I also think we’re unique in putting a flag in the ground and saying, we’ve done projects on all seven continents, outer space, and in every ocean at this point. That doesn’t come without every day there being obstacles, but in some ways it’s an insurance policy dealing with those obstacles. Because we know everyday, there’s going to be a live experience today and it’s going to have the spectacle that’s necessary to deliver the value that we’re talking about. And we make sure it’s also going to come with safety and reliability and operational savings and all the thought process we put behind it. We’re going to make sure that it runs as smoothly as possible and it’s going to be practical from a business perspective. We’re here on behalf of our clients to help them not only realize their artistic vision, but maybe even push the artistic vision to deliver a business plan that’s rational, profitable and successful for them.
Is there anything else you’d like to mention about TAIT moving into the future?
On any given day, I think ‘how lucky are we?’ We’re getting to work with clients who are so passionate about what they do and are so talented. We’ve managed to create, as a company, a culture now that attracts the best talent in the world. Really, the trick is creating a culture where anybody’s idea could be the best idea. We’ve created a culture where we’re able to bring together a software programmer and a sculptor and a story writer and an illustrator and a physicist and put a challenge on the table and collectively solve that problem in a way that is exploring what’s impossible. That’s the secret sauce to it all. In so many ways, it goes back to Michael Tait and his genius brain of we’re not shooting for 99%, we’re shooting for 100%, and that last 1% is unachievable. So, that idea that we’re just constantly trying to explore and innovate and over time we don’t really invent things, it’s about constantly making incremental improvements. We’re just constantly not satisfied with what we’ve done, what’s out there, we are always trying to improve. That is how innovation happens. It’s fun to be part of, to see. It’s fun to pull back and watch the army of joy makers around the world delivering.

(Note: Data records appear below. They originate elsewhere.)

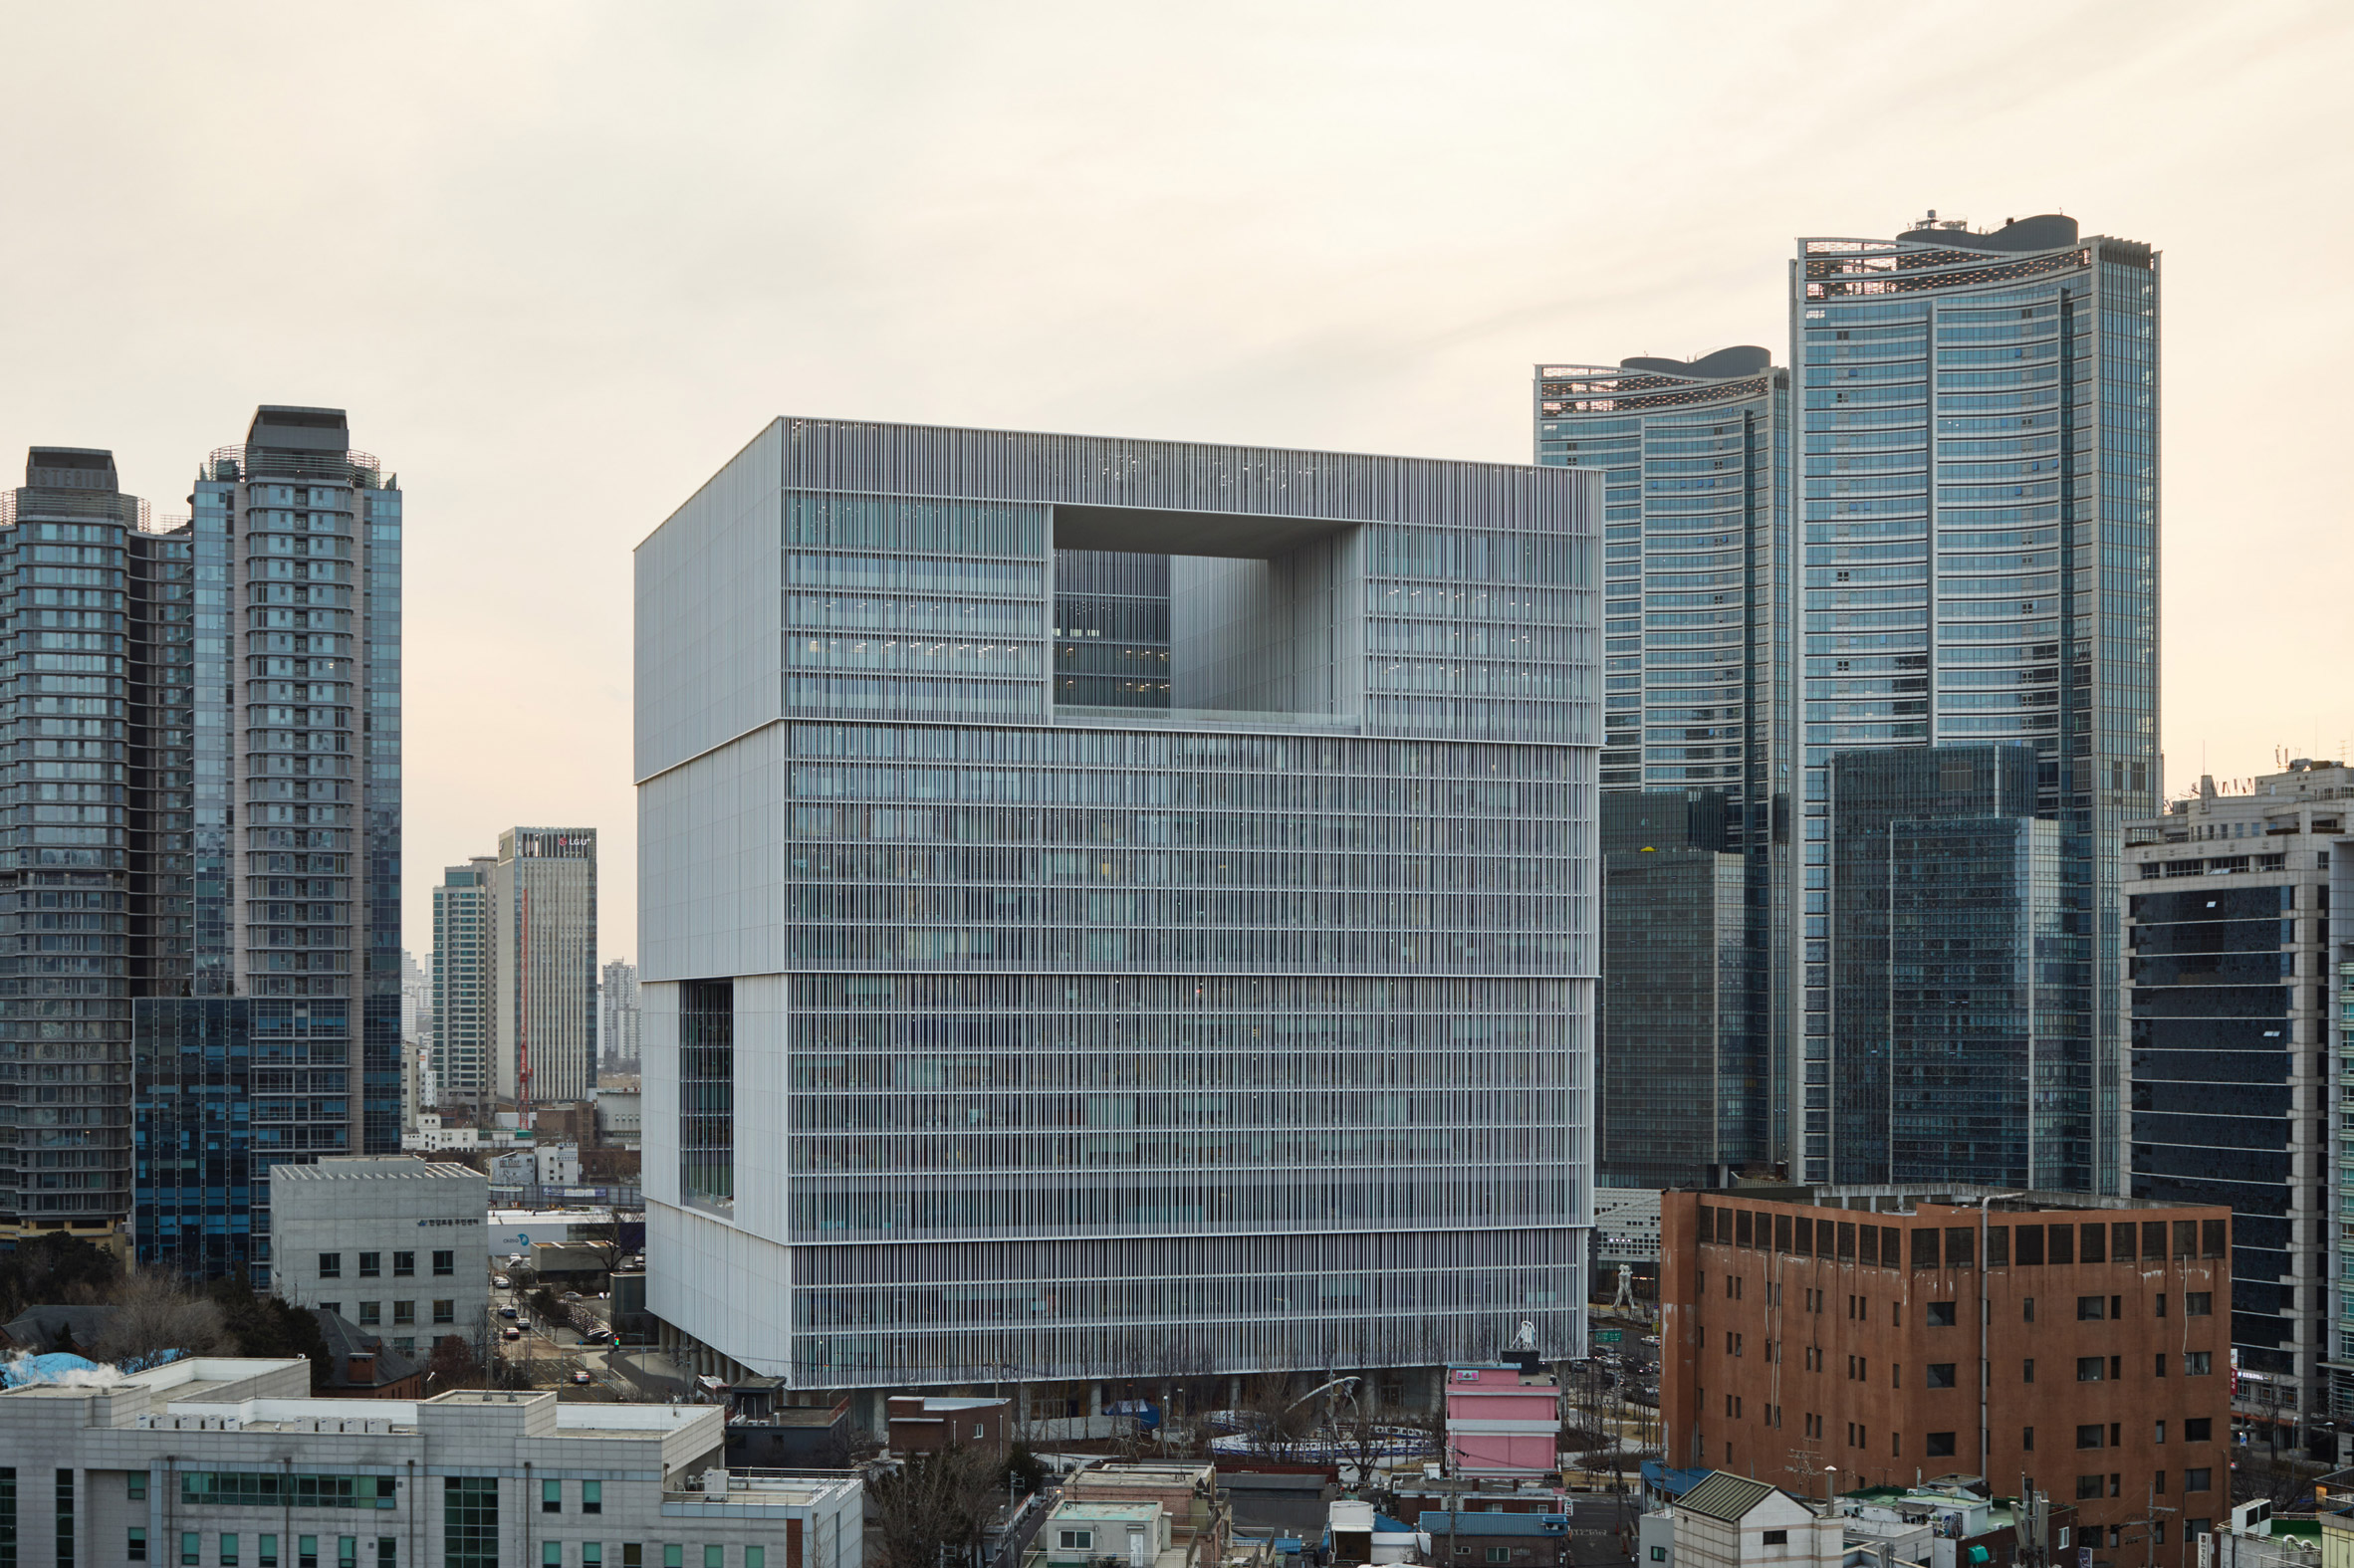 Amorepacific headquarters by David Chipperfield Architects
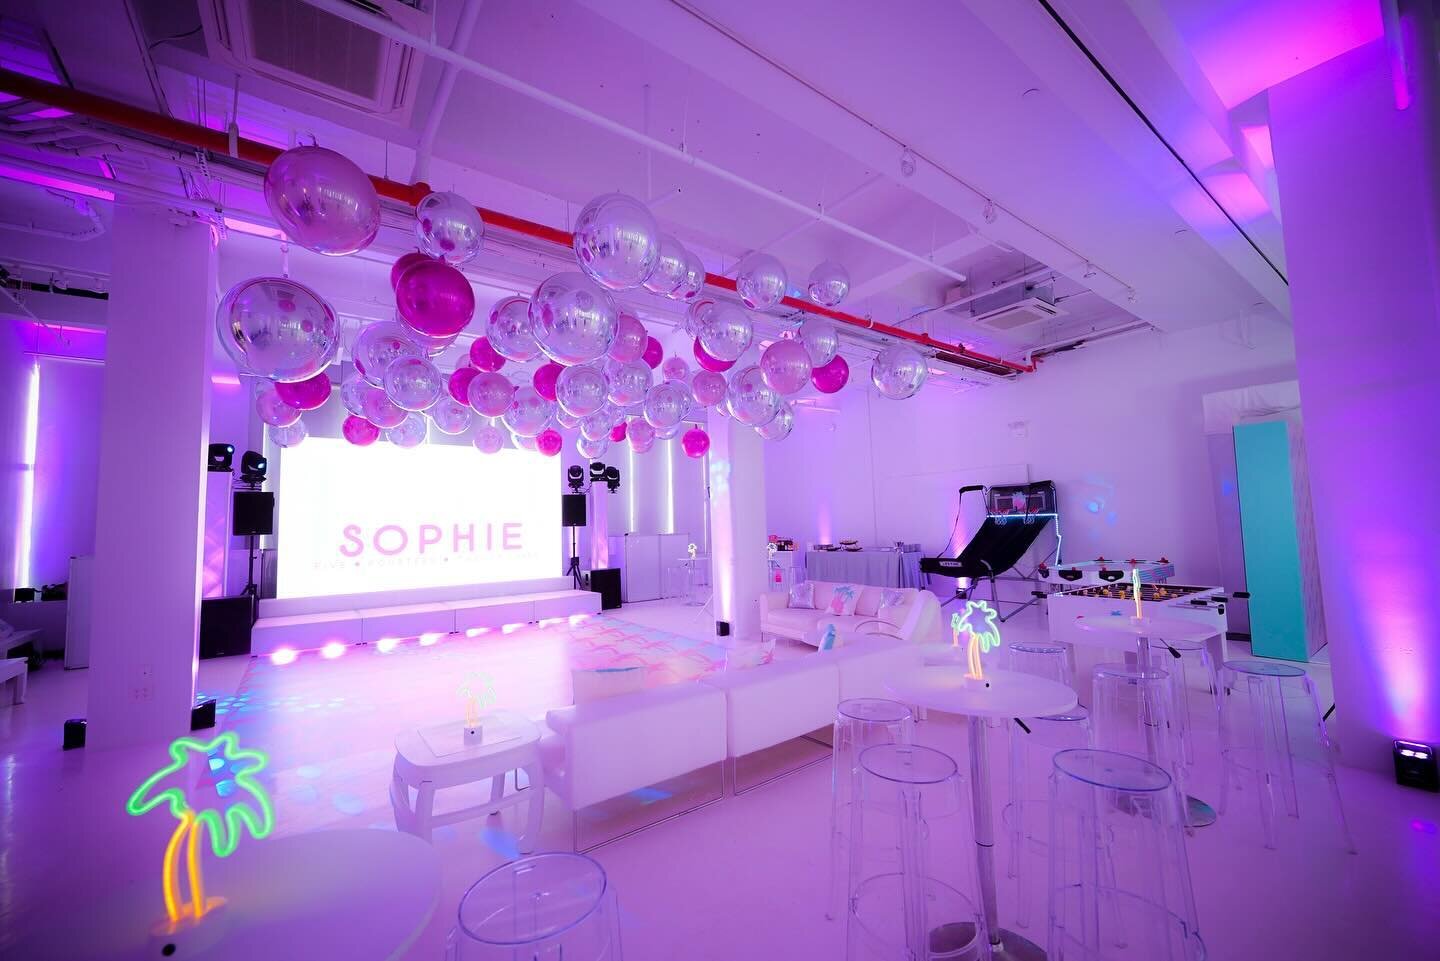 Have it your way @location05 

Event Planning: @rubymaxevents 
Entertainment, lighting and production: @totalentertainmentnyc
Graphics: @rcreativeinc
Catering: @zamicaterers
Swag: @partyswagdesigns
Photography: @starrphotographynyc
Ceiling treatment:

Michael Tait really put that idea across the company of working to achieve the last 1% and Winky [Fairorth] has really put the idea across the company of building relationships and treating those relationships like partners. Doing the right thing by people. It is that simple. It’s not about making the last dollar or squeezing the margin; it’s just about doing the right thing by everybody so that we want to come back together and do it again. When you put that all together, you get a really positive outcome.